--- Assignment ---
Once you find the line below that has "Love flower nature photo editor photo frames hd 13 apk", output it and every line after it exactly, stopping after the line that has "Digital Politics in", with no pictures.

--- Provided entries ---
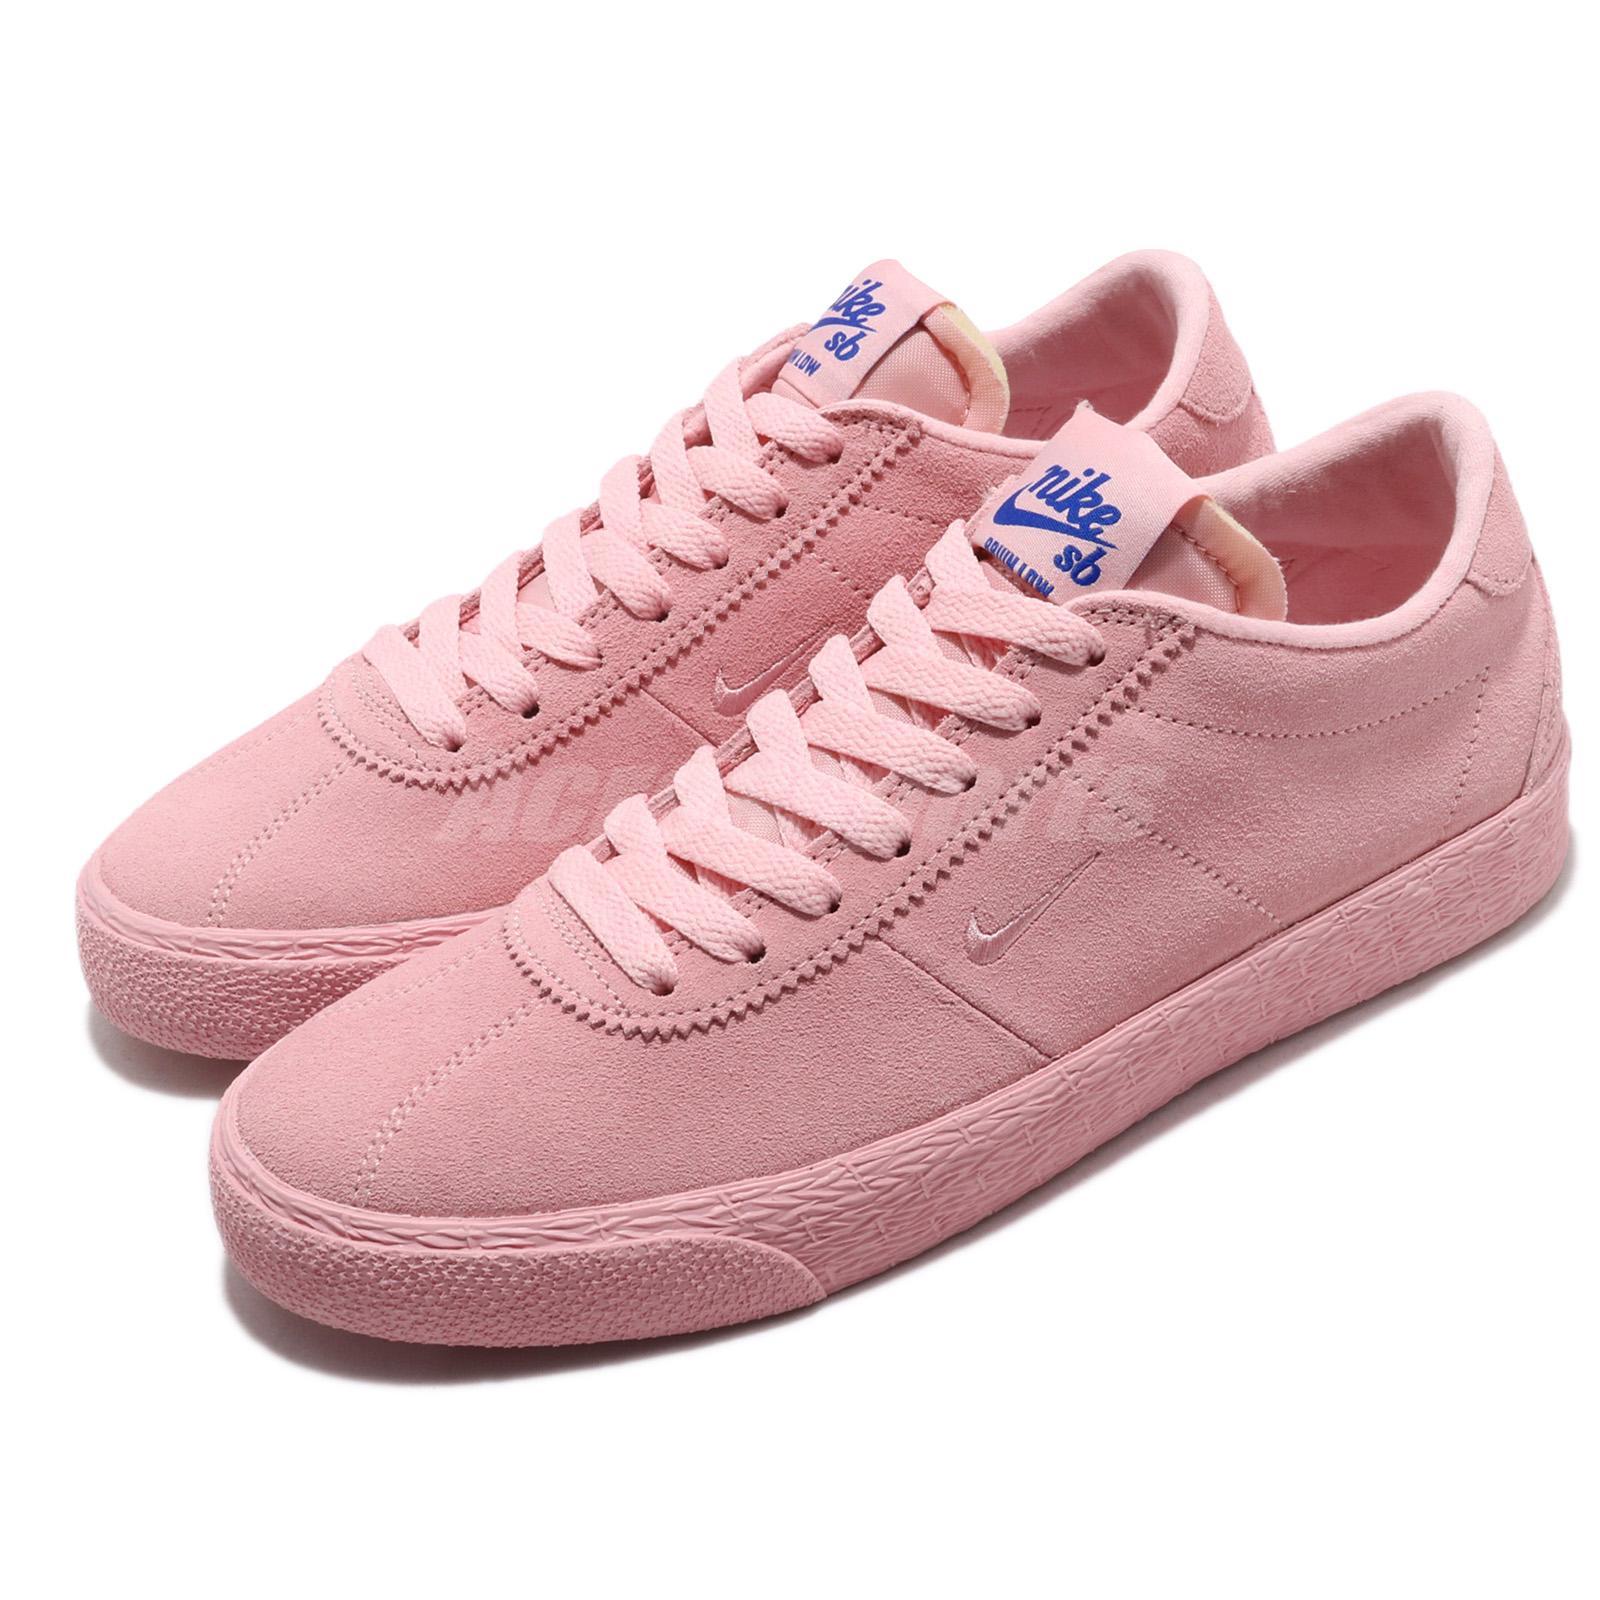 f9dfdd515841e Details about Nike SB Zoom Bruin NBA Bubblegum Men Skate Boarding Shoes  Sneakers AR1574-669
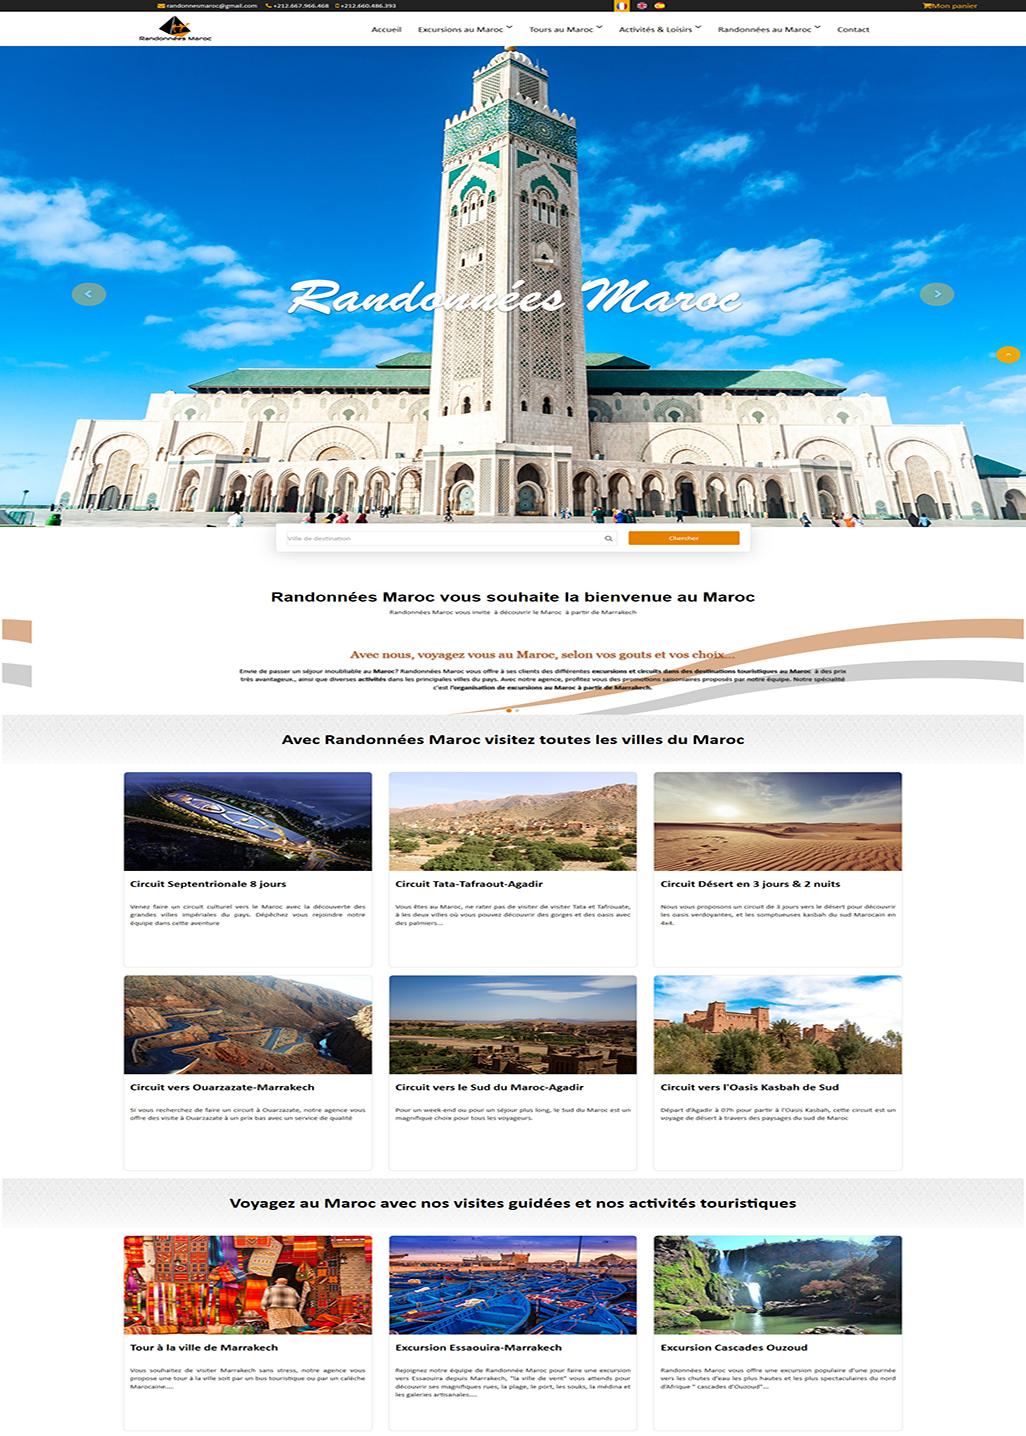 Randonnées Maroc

--

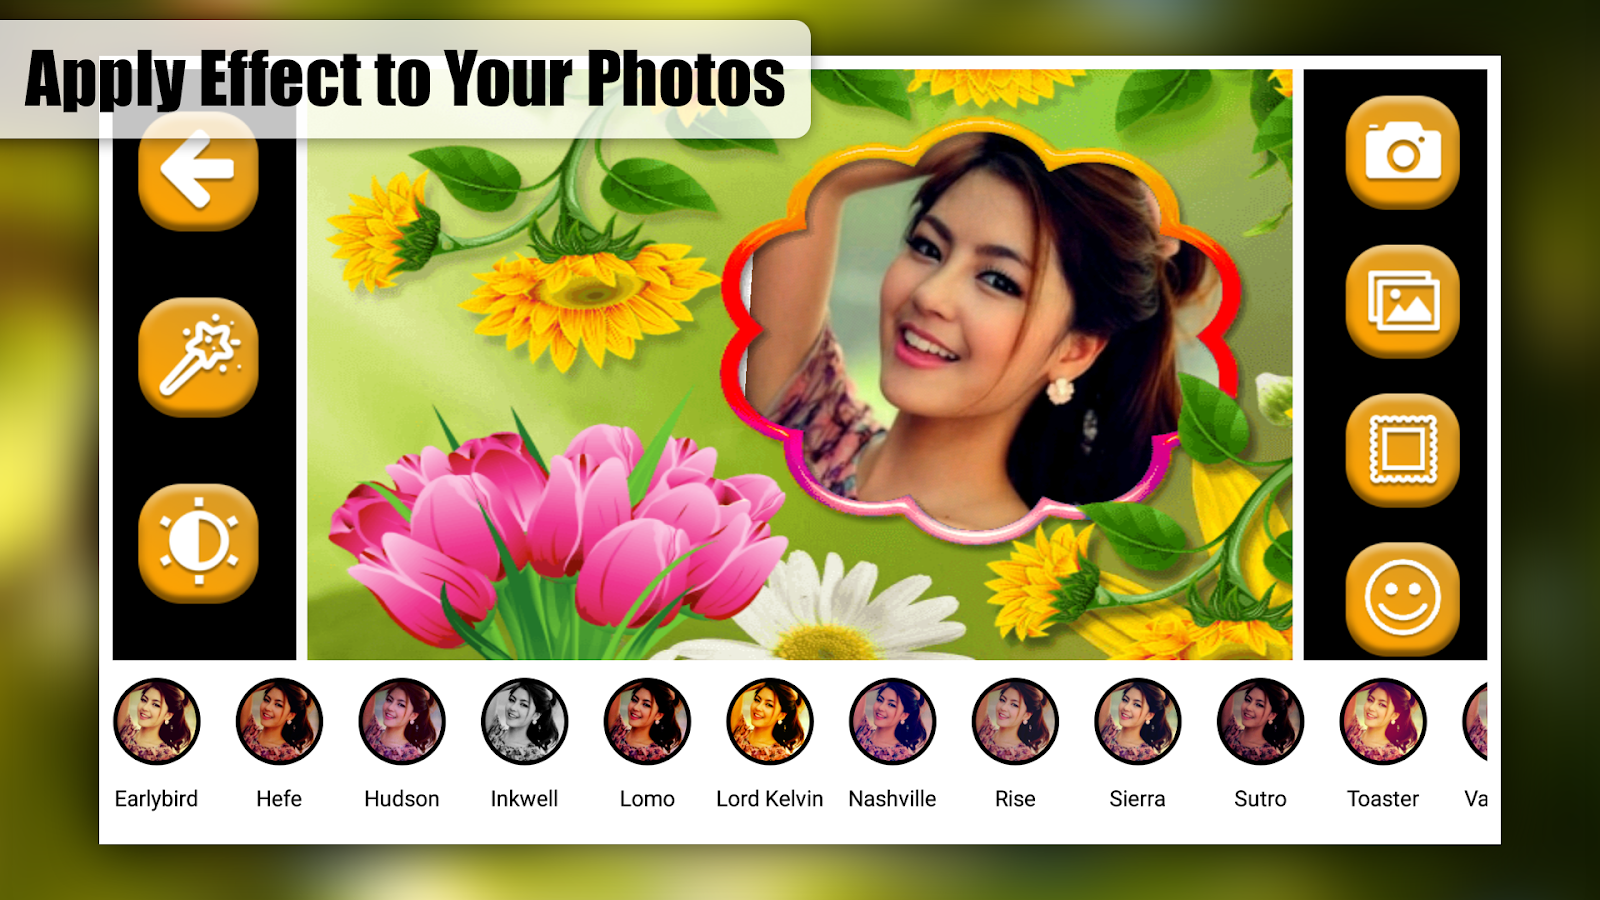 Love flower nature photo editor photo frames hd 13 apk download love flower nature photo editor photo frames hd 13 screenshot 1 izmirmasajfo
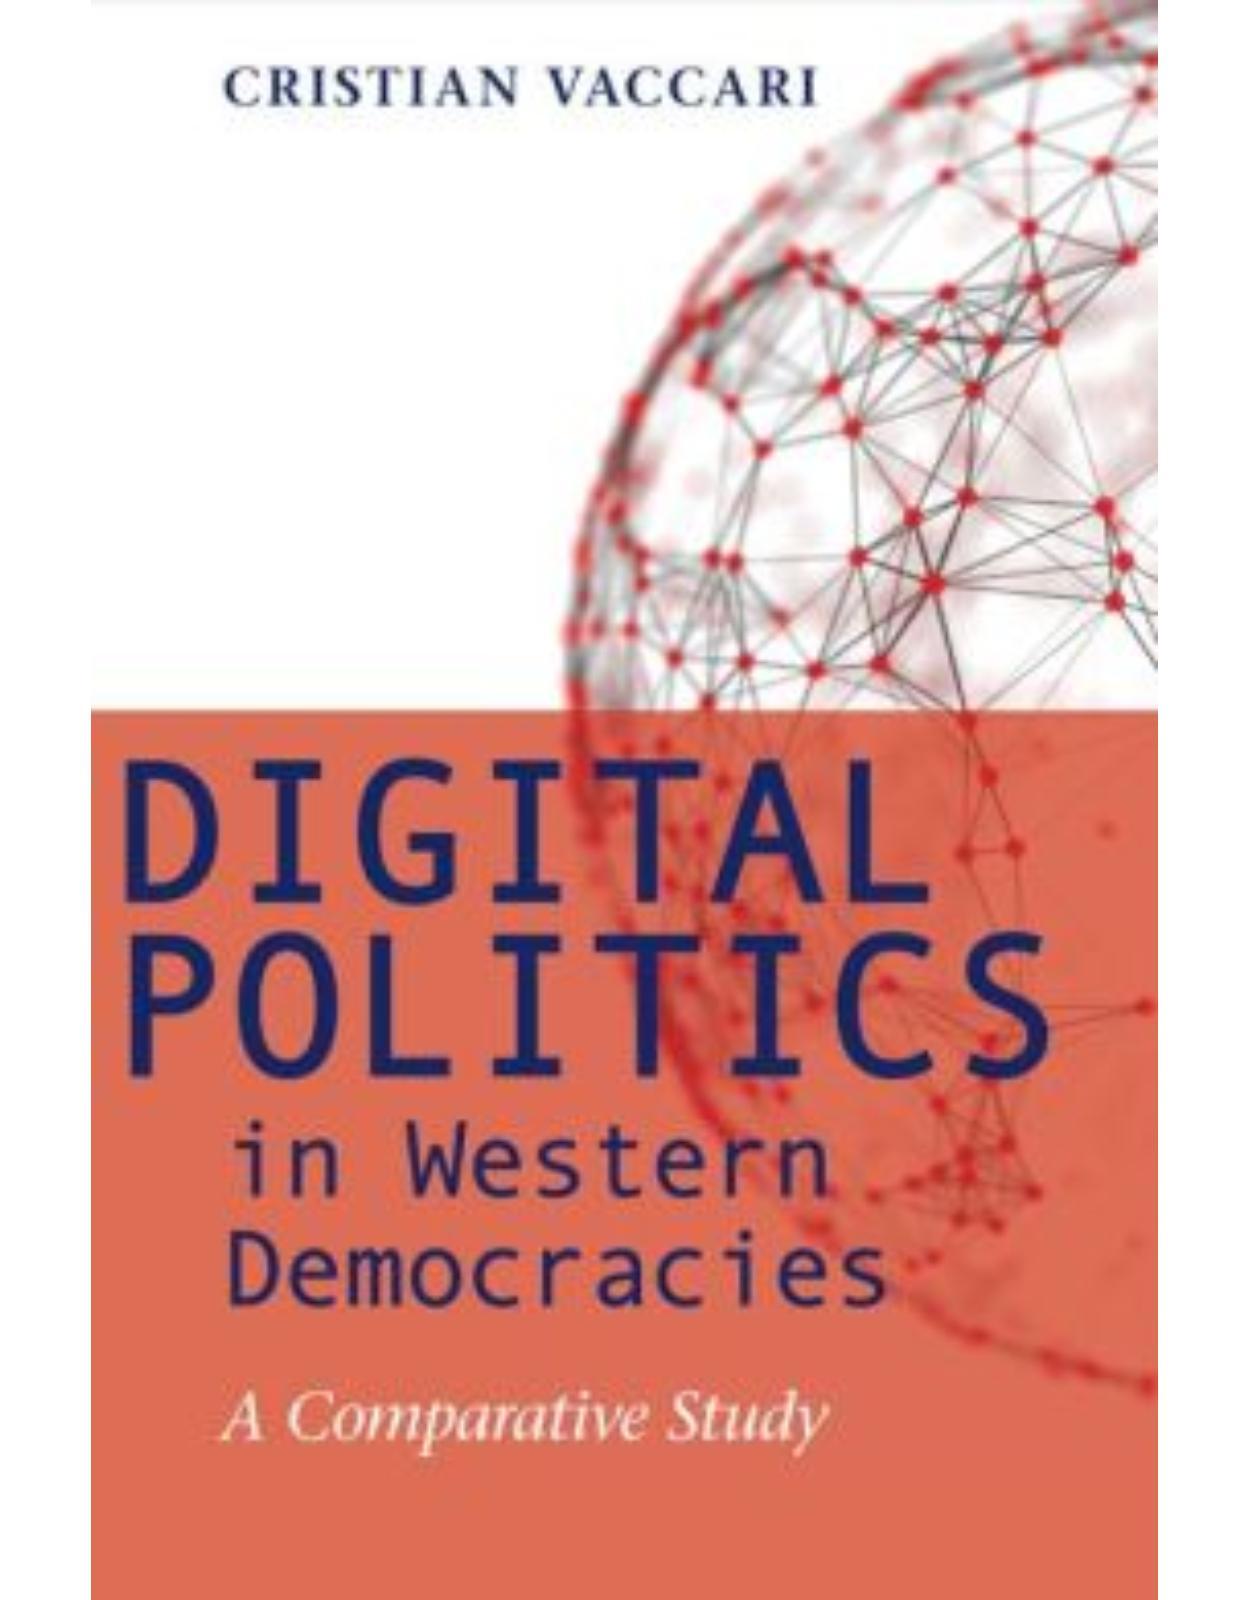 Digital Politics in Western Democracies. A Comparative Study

--- Solution to the problem ---
 Love flower nature photo editor photo frames hd 13 apk download love flower nature photo editor photo frames hd 13 screenshot 1 izmirmasajfo
 Digital Politics in Western Democracies. A Comparative Study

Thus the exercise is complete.